Please transcribe the listing below in full and word for word, without its pictures.

◆ Given material ◆
Segment Open

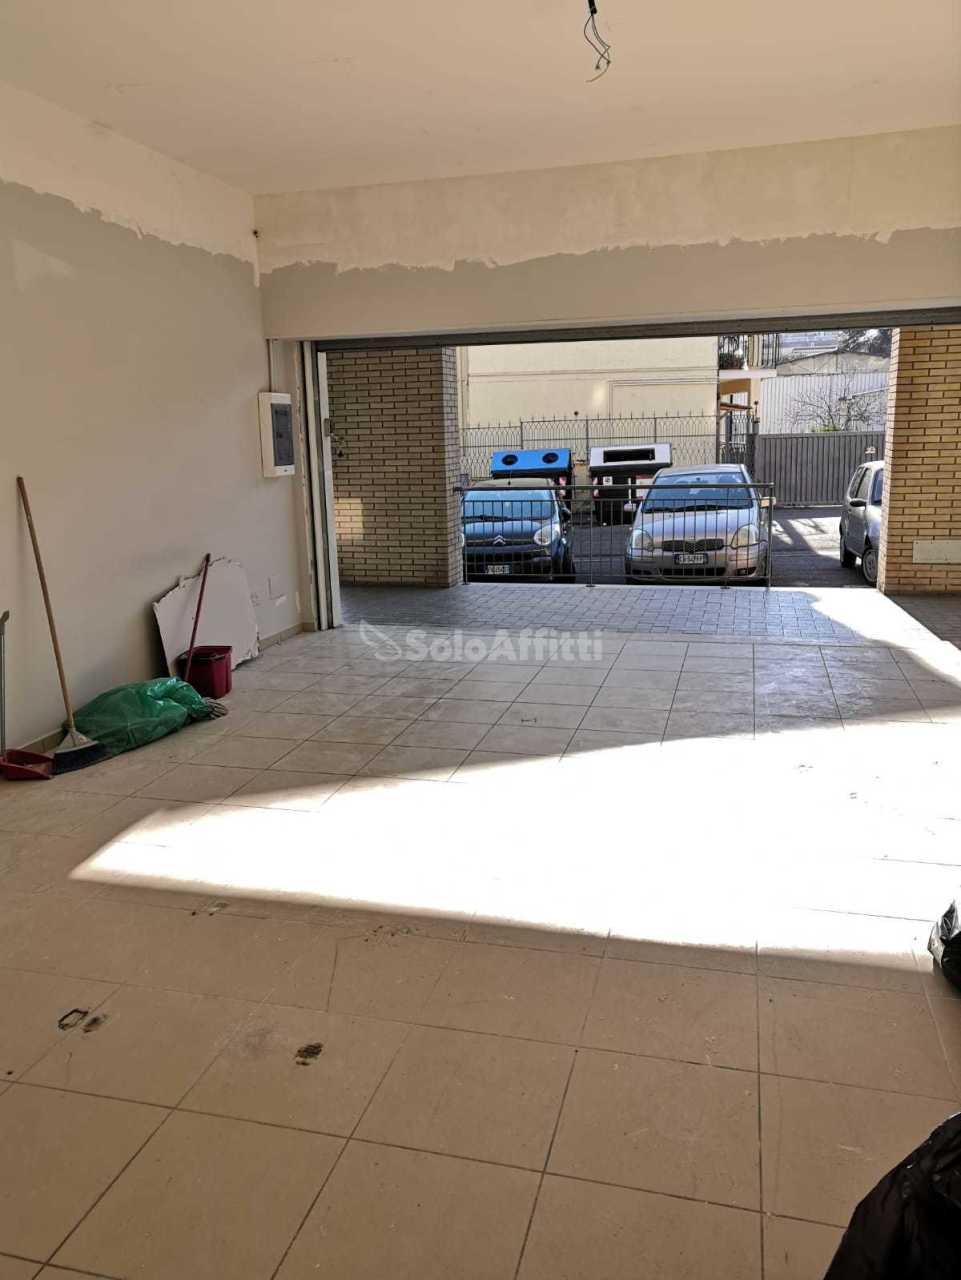 Fondo/negozio - 1 vetrina/luce a Castel Verde, Roma Rif. 11939025
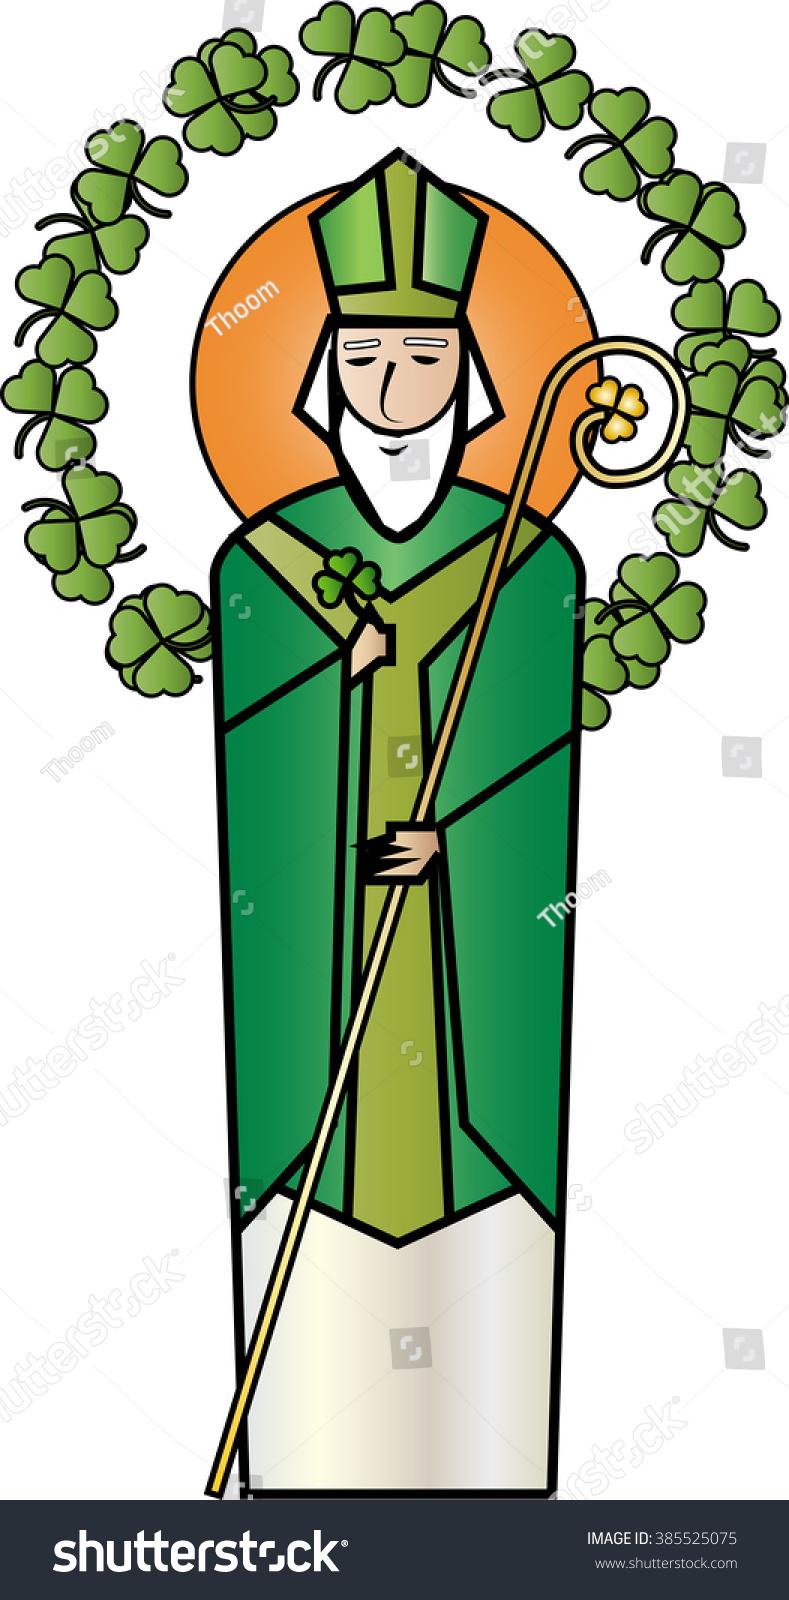 st patrick patron saint ireland simple stock vector 385525075
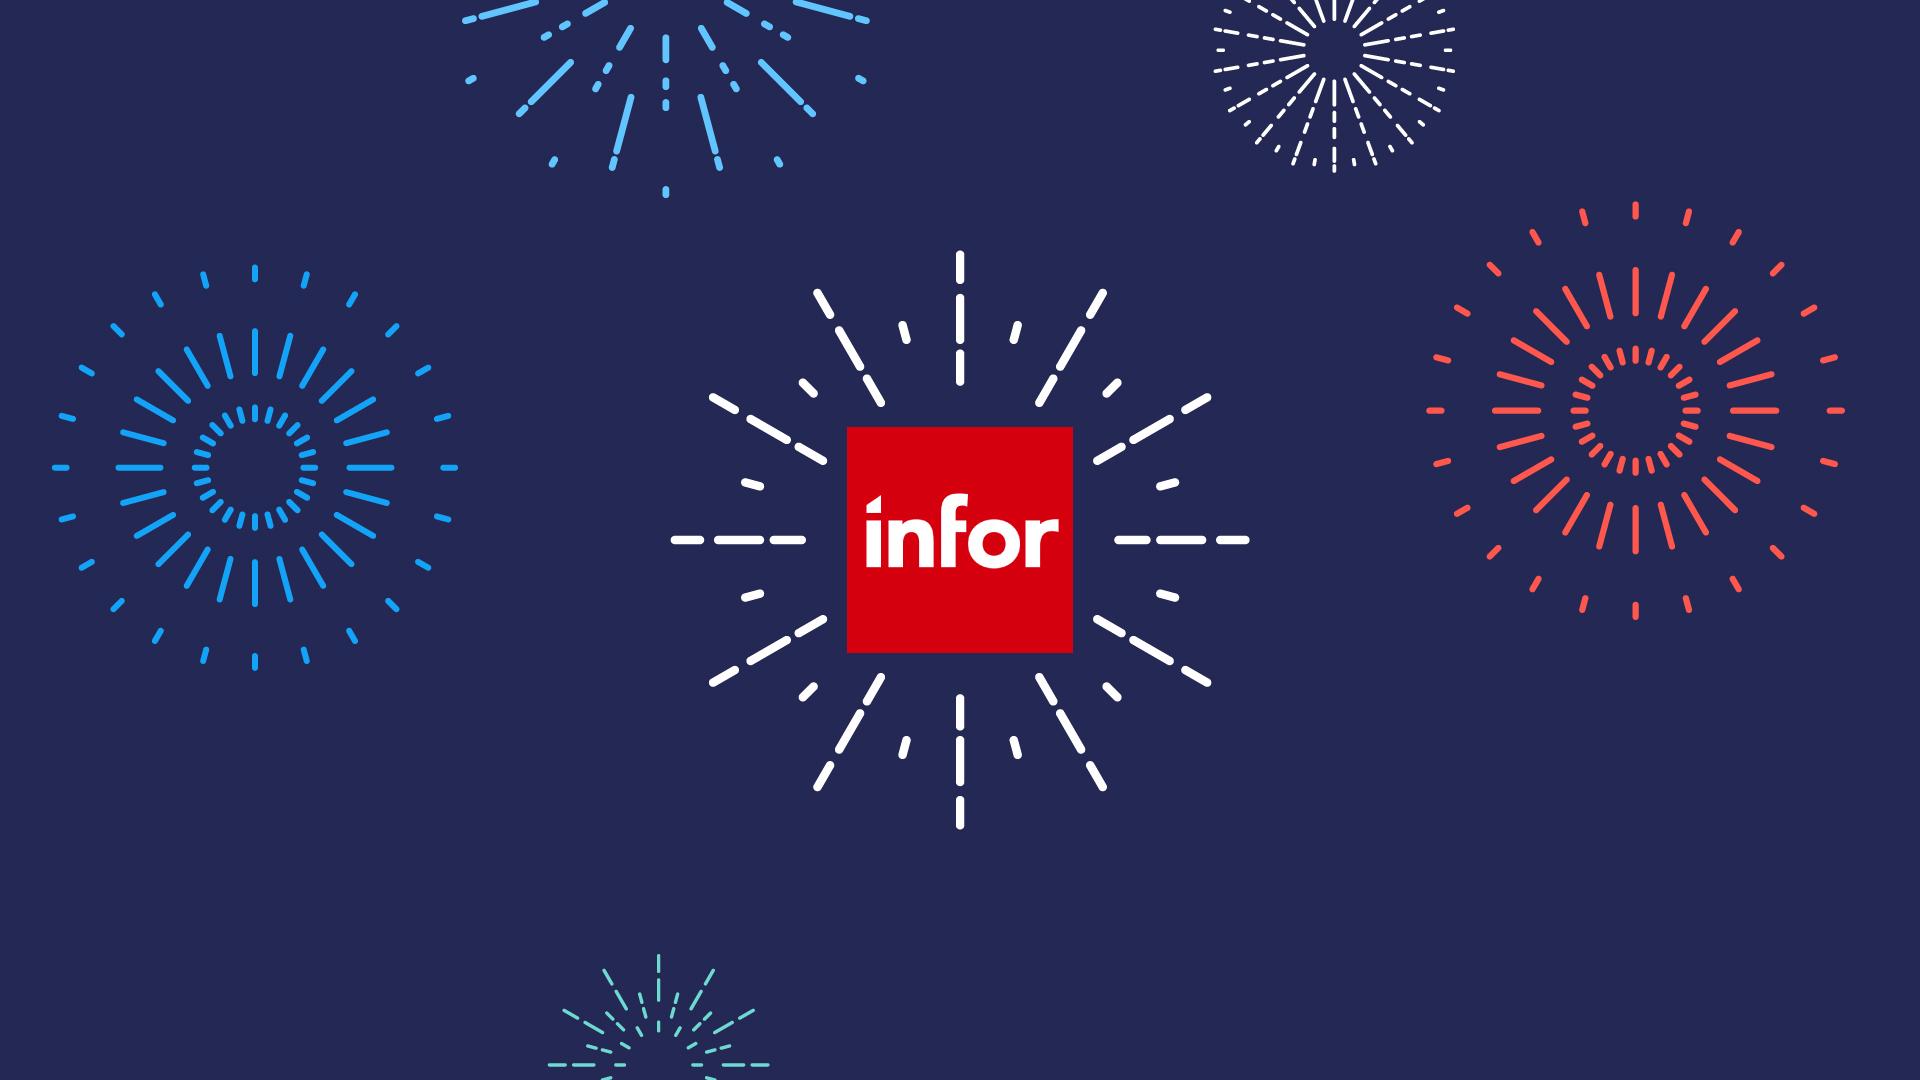 infor_holiday_card_plan_121716_MD.jpg

Segment Closed

◆ Reply ◆
 Fondo/negozio - 1 vetrina/luce a Castel Verde, Roma Rif. 11939025
 st patrick patron saint ireland simple stock vector 385525075
 infor_holiday_card_plan_121716_MD.jpg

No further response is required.